- Problem requirements: Everything in the listing should be transcribed exactly, apart from the pictures.

- Collected material:
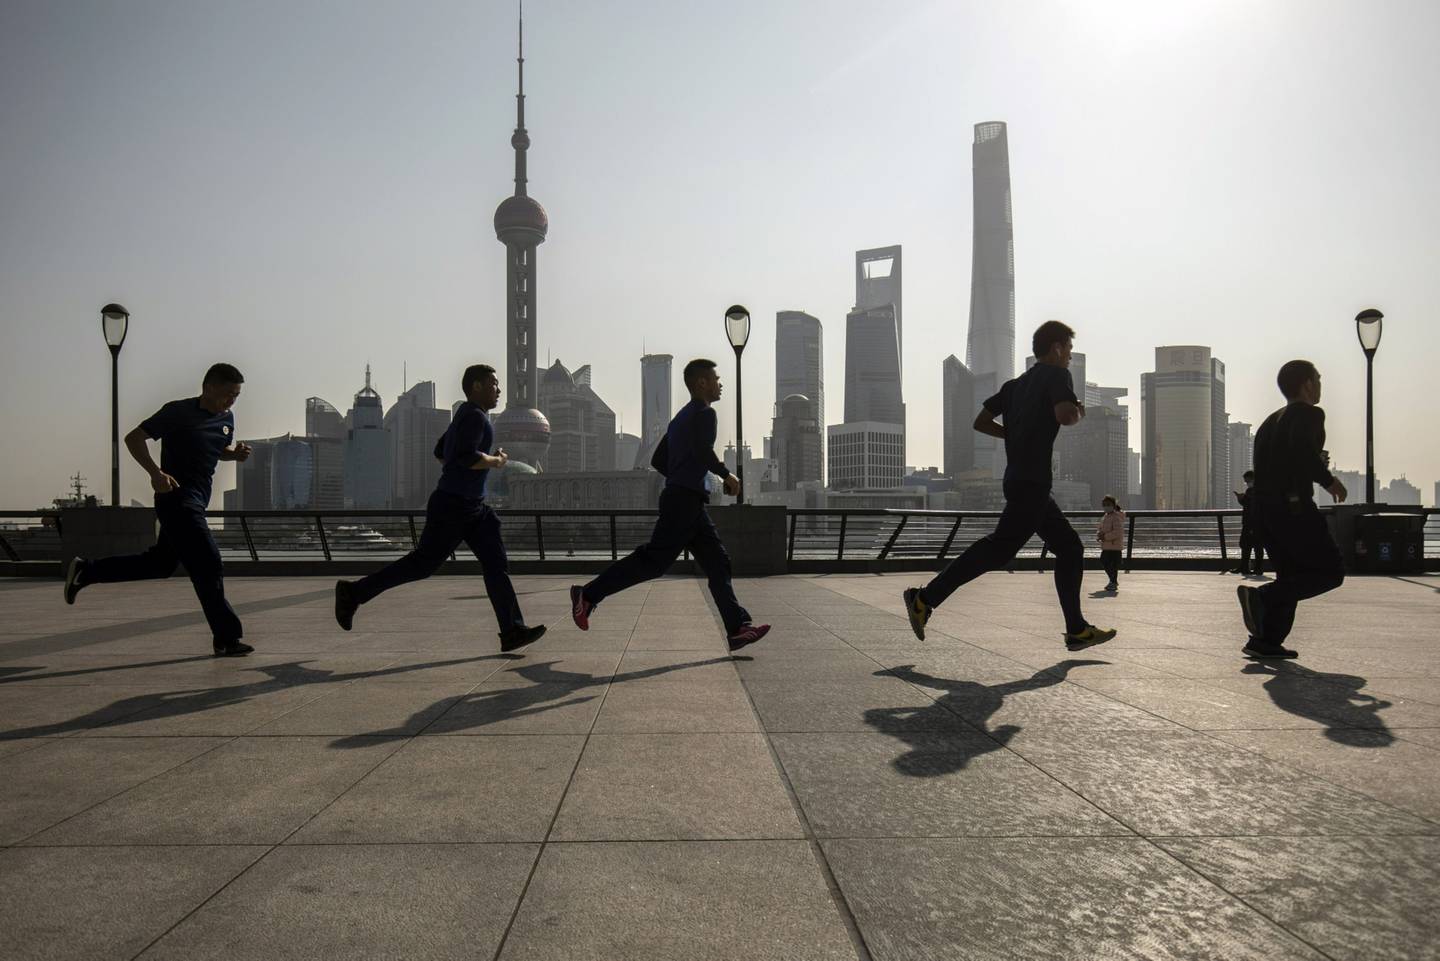 Los corredores corren a lo largo del Bund frente a los edificios del distrito financiero de Lujiazui, al otro lado del río Huangpu, en Shanghai, China, el viernes 27 de febrero de 2022. Fotógrafo: Qilai Shen/Bloomberg
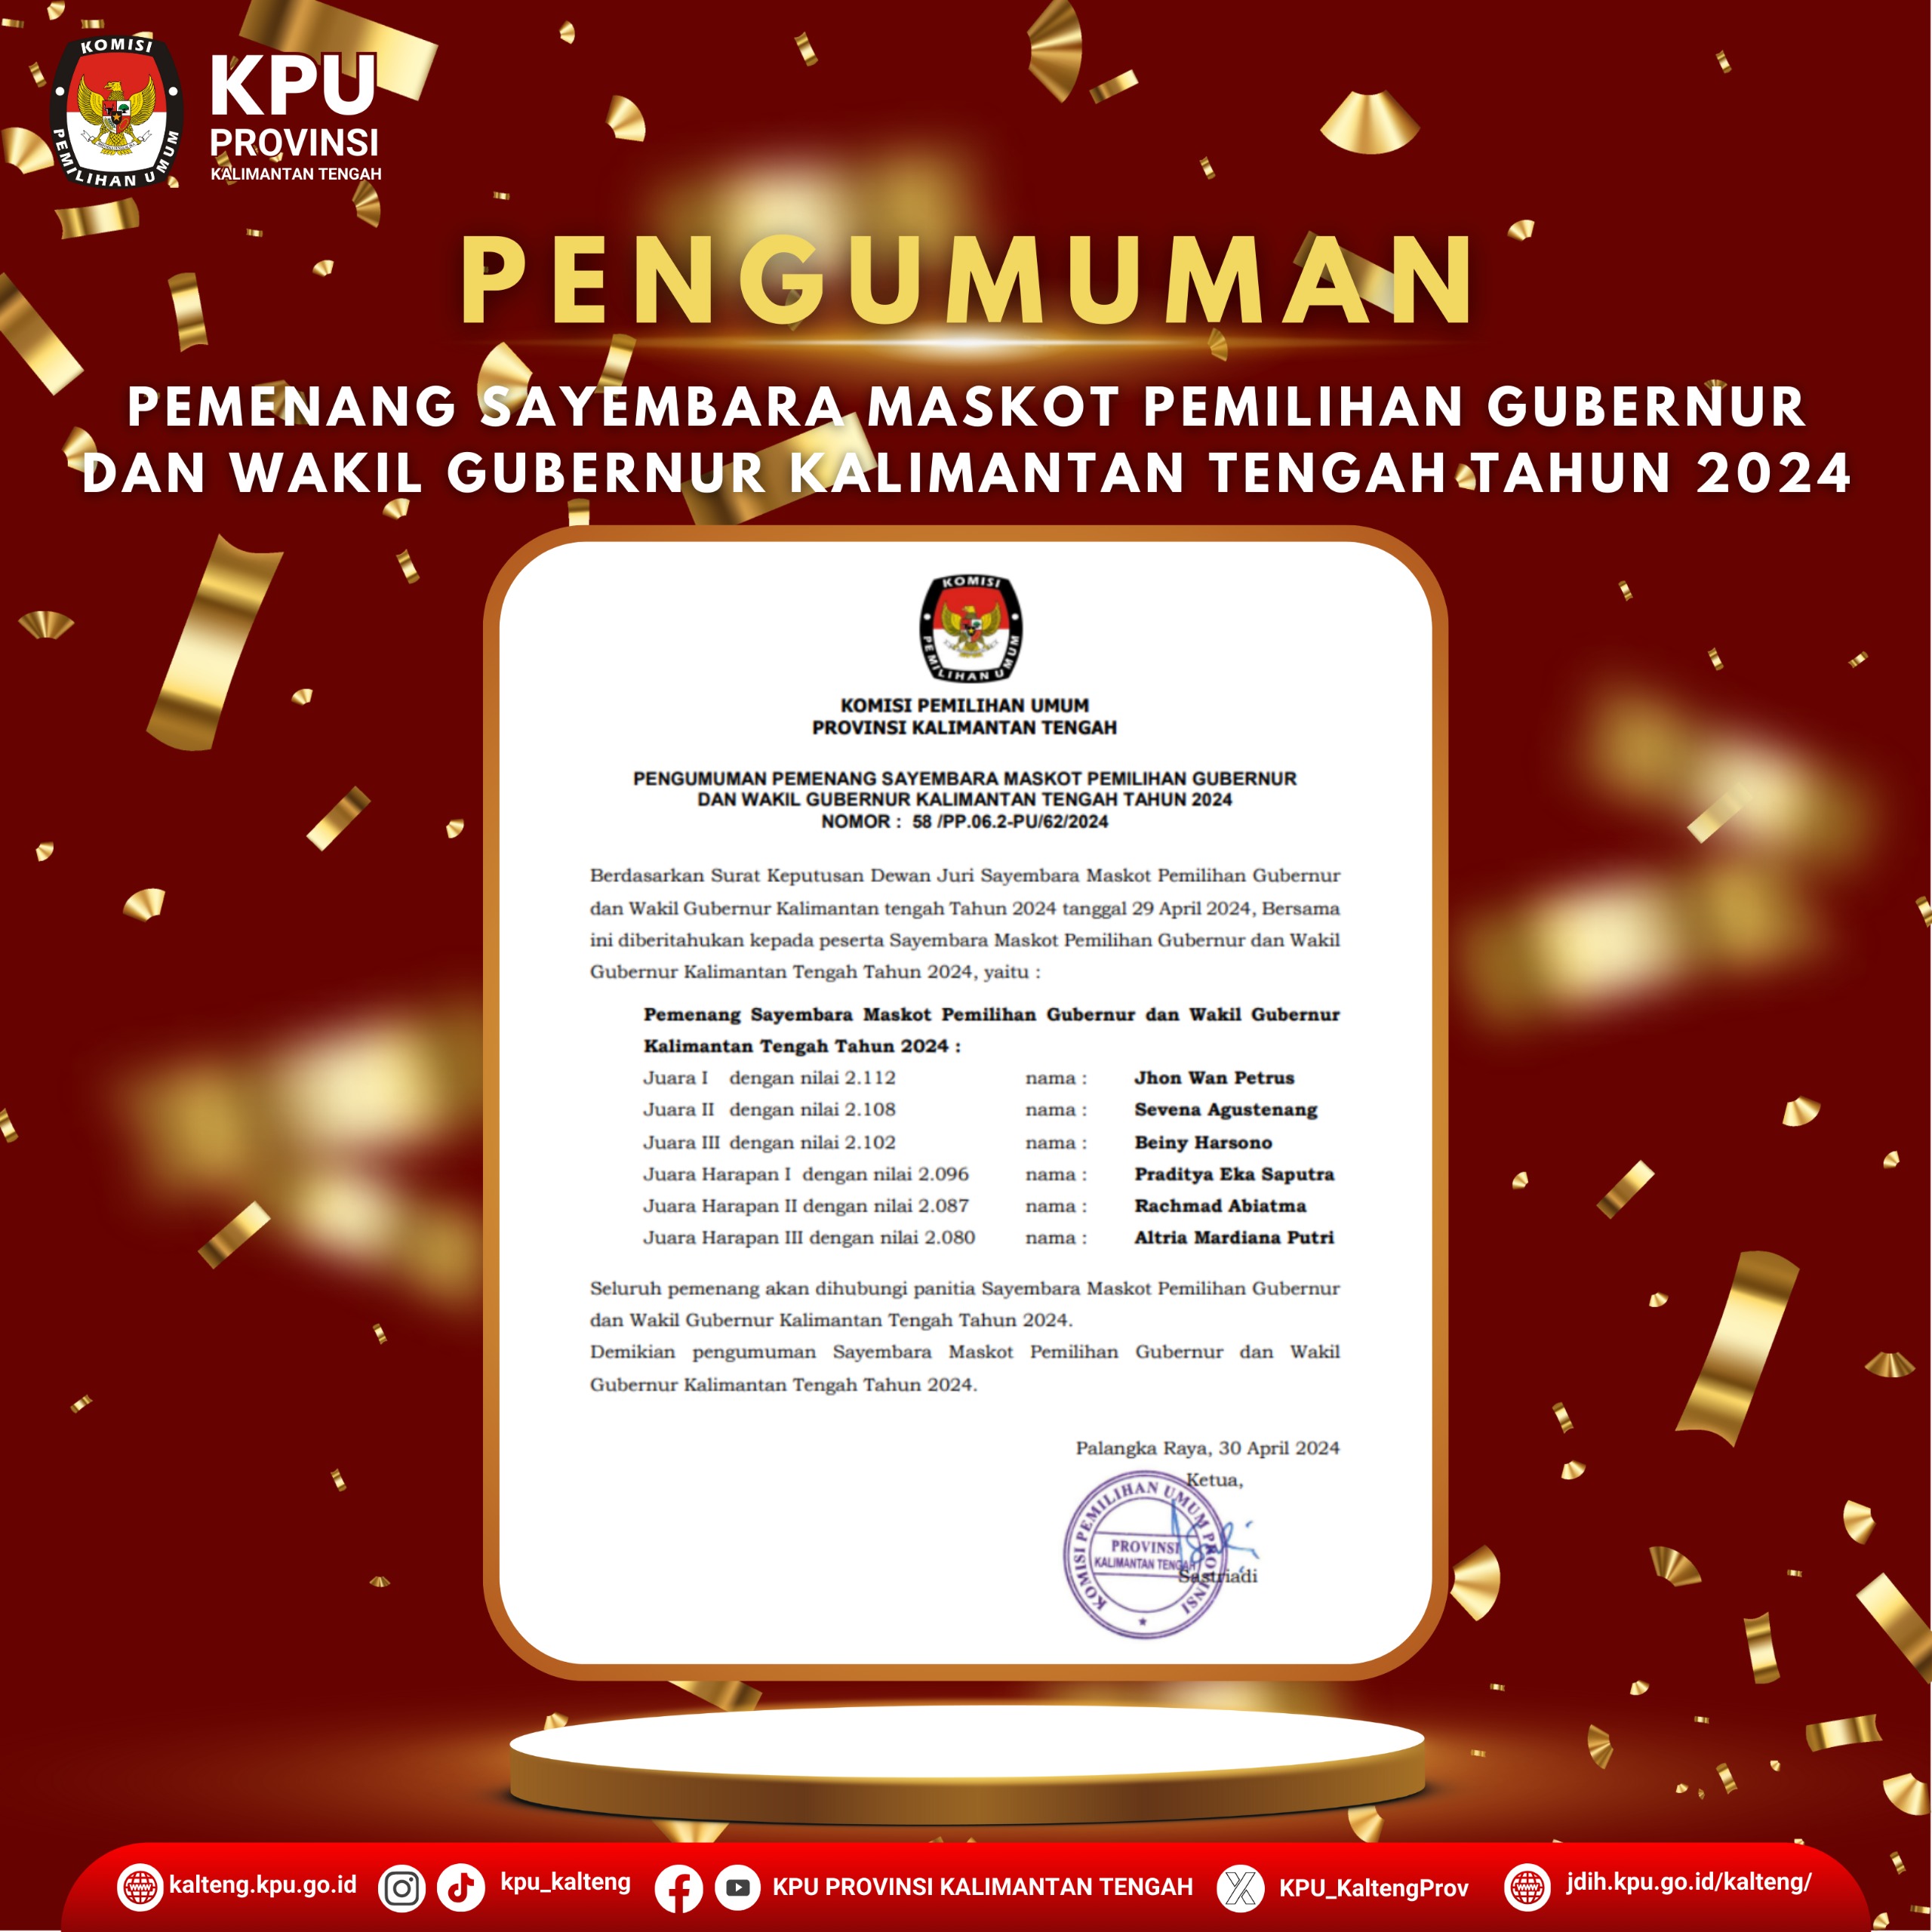 Pengumuman Pemenang Sayembara Maskot Pilkada Kalimantan Tengah Tahun 2024
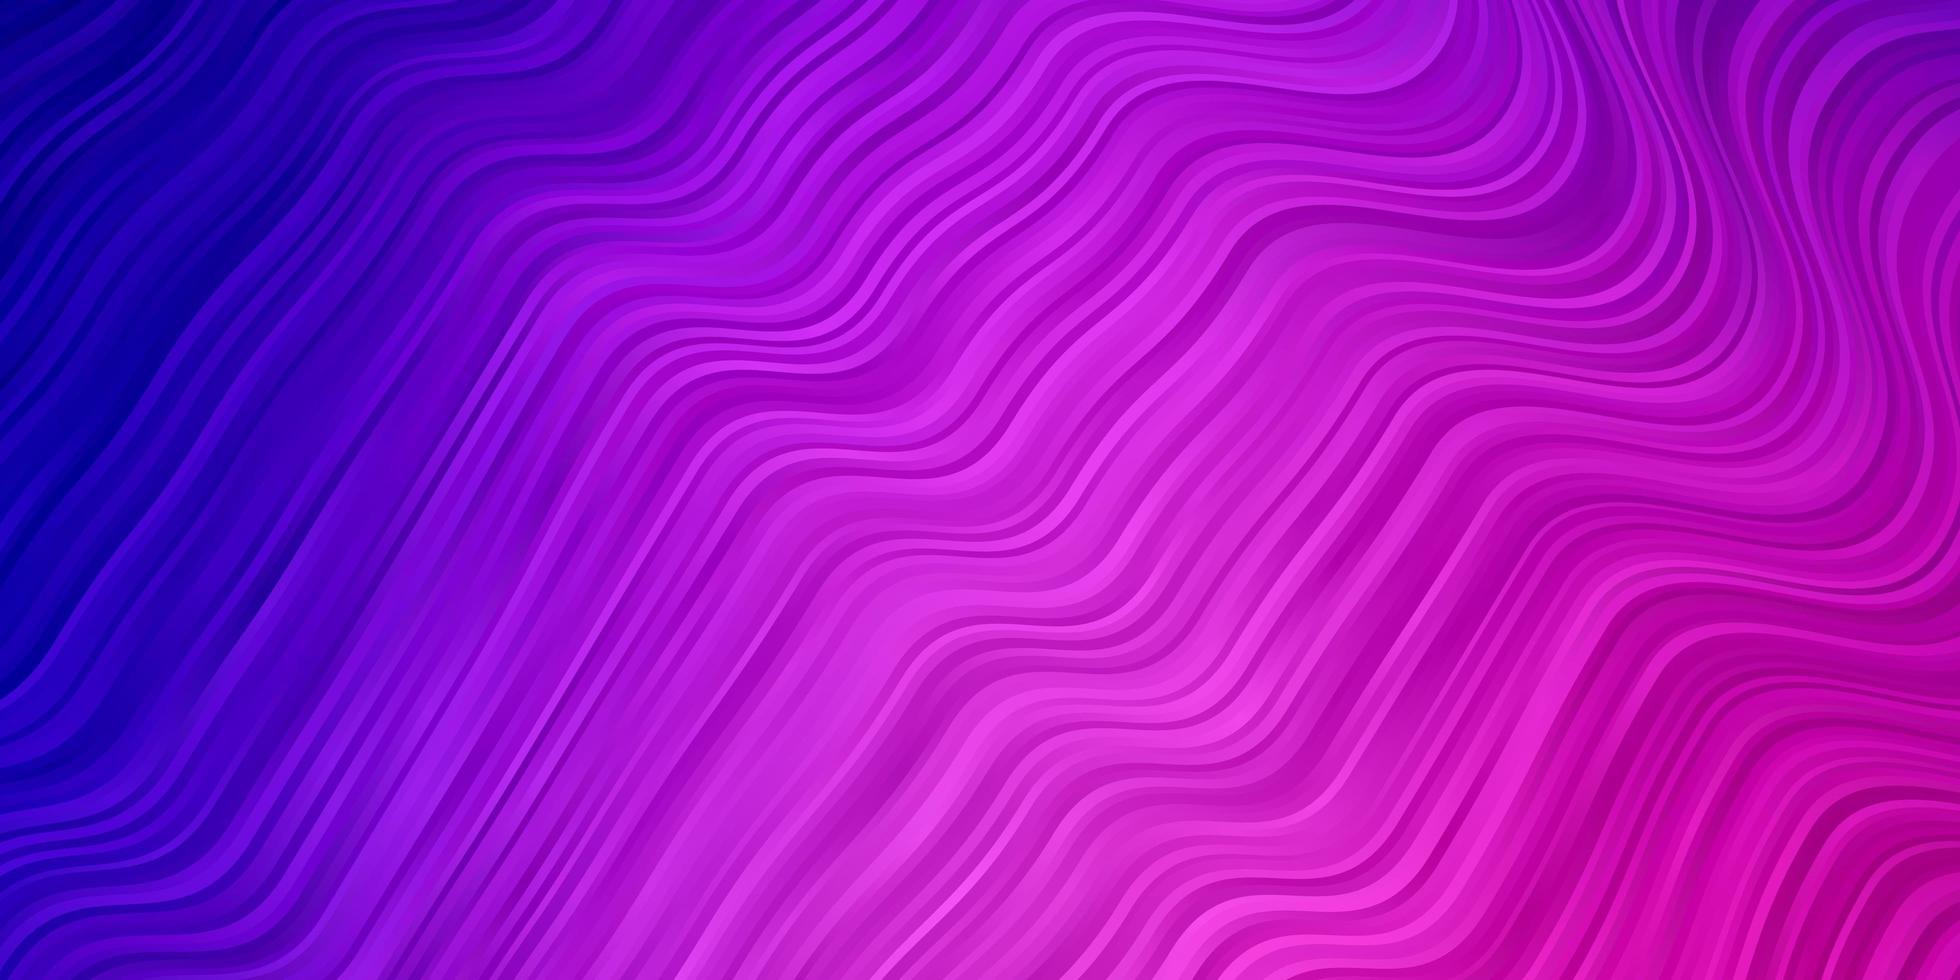 hellvioletter rosa Vektorhintergrund mit farbiger Linienillustration im kreisförmigen Stil mit Linienmuster für Geschäftsbroschüren vektor
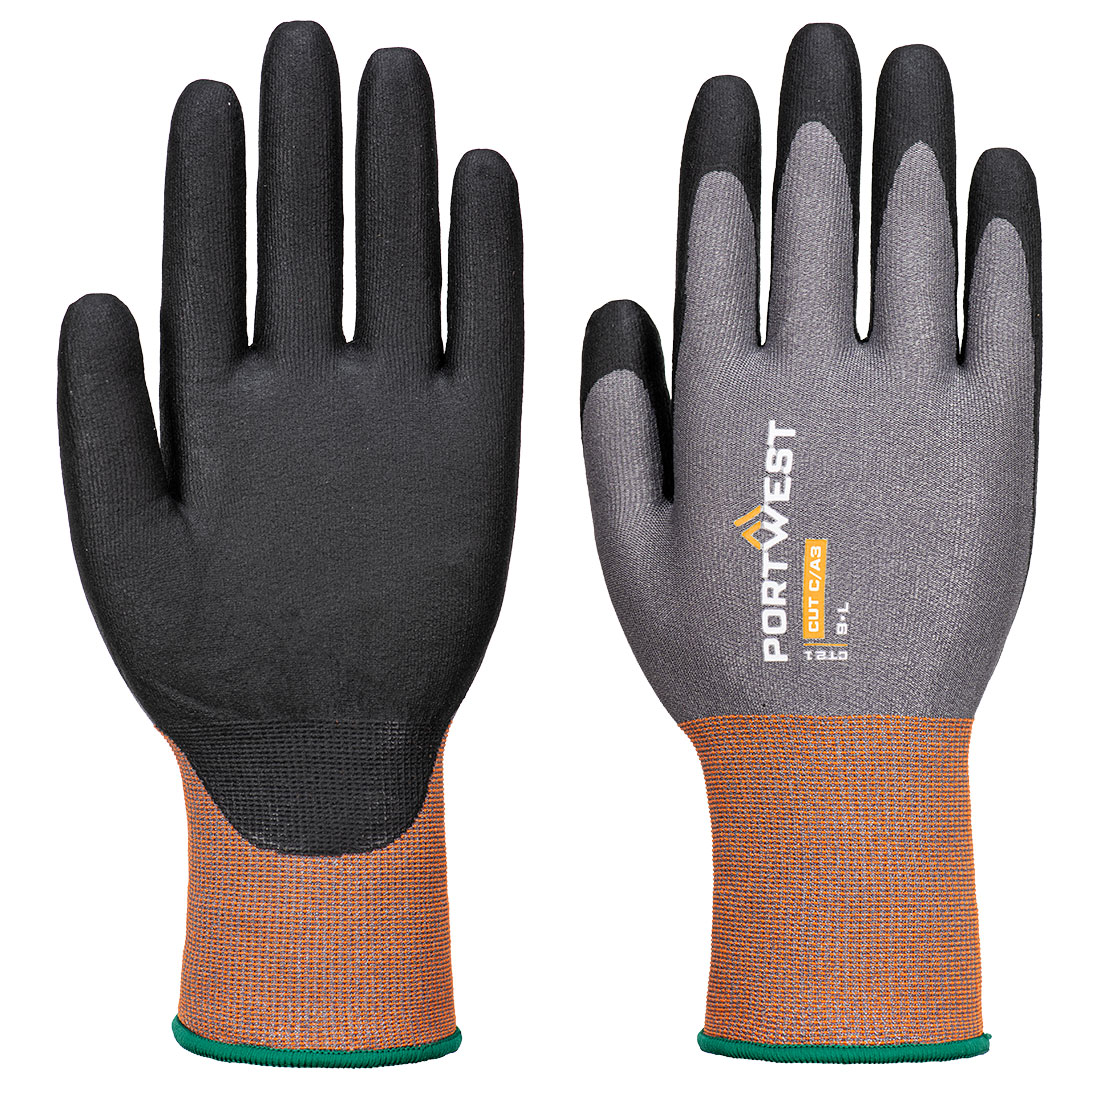 CT Cut C21 Nitrile Glove

- The completed task:
 Los corredores corren a lo largo del Bund frente a los edificios del distrito financiero de Lujiazui, al otro lado del río Huangpu, en Shanghai, China, el viernes 27 de febrero de 2022. Fotógrafo: Qilai Shen/Bloomberg
 Pengumuman Pemenang Sayembara Maskot Pilkada Kalimantan Tengah Tahun 2024
 hellvioletter rosa Vektorhintergrund mit farbiger Linienillustration im kreisförmigen Stil mit Linienmuster für Geschäftsbroschüren vektor
 CT Cut C21 Nitrile Glove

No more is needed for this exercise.